Use the Safety checklist to help you plan and risk assess your activity.  Additional coronavirus-related controls to think about may include: 

  • Set up a hand washing station that you can use throughout the session. Everyone should wash their hands before and after they use equipment.
  • Remind everyone to stay socially distanced when moving around in the game.
  • Ensure hands are cleaned before using any equipment and again straight afterward.
  • Only one person should touch the hoops to lay them out at the start. Clean equipment between different users. 

Play the game

  1. The person leading the game should lay out nine hula hoops in a three by three grid on the ground. Make sure each hoop is at least two metres away from the next.
  2. Eight people should move onto the grid and stand in a hoop. There should be one empty spot left in the grid – to start off with, make sure this space is in a corner.
  1. The person leading the game should choose a player standing in a corner and explain that the first challenge is to move them into the empty space while following the rules: only one person can move at a time and people can only move if they're next to (not diagonally across from) the empty space. 
  2. Everyone should work together to move one by one until the chosen player is in the right corner. 
  3. The person leading the activity should set a new challenge, for example, moving an entire row of people from one side to the other (keeping them in the right order), rearranging everyone in order of height or age, or numbering people and asking them to get in order. 
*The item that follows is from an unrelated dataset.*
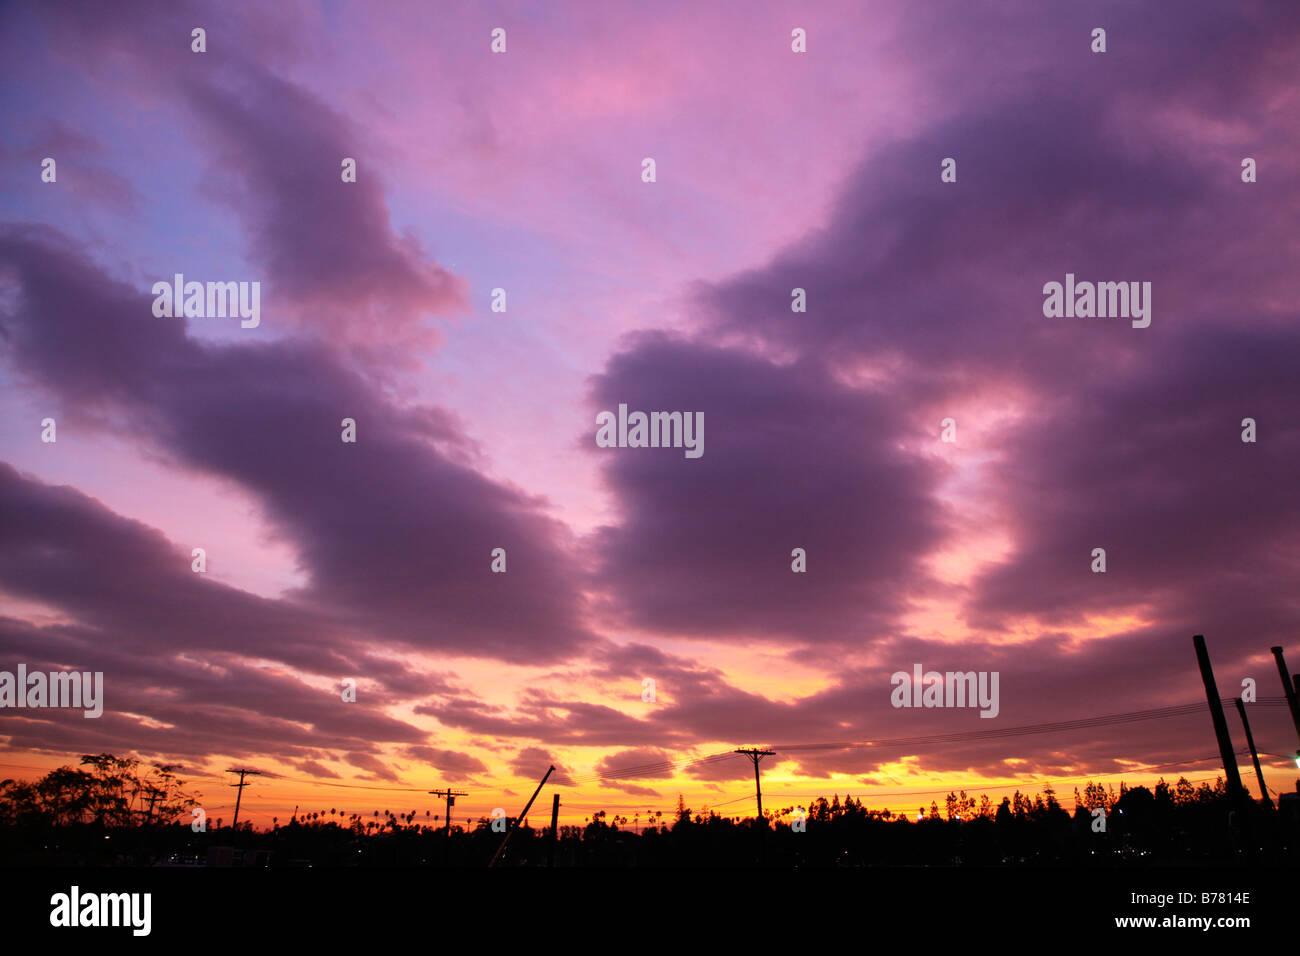 sunset purple clouds telephone poles silhouette big sky dramatic sky weather - Stock Image

This activity needed everyone to play their part in solving a problem. How did people work together to move around? People could think about how they waited their turn or let someone else move before them. Did people always agree on the best way to solve the problem? How did people decide what to do? Maybe they learned from their first challenge or tried a few different techniques. 


Active games

The game area should be free of hazards. Explain the rules of the game clearly and have a clear way to communicate that the game must stop when needed.

All activities must be safely managed. Do a risk assessment and take appropriate steps to reduce risk. Always get approval for the activity and have suitable supervision and an InTouch process.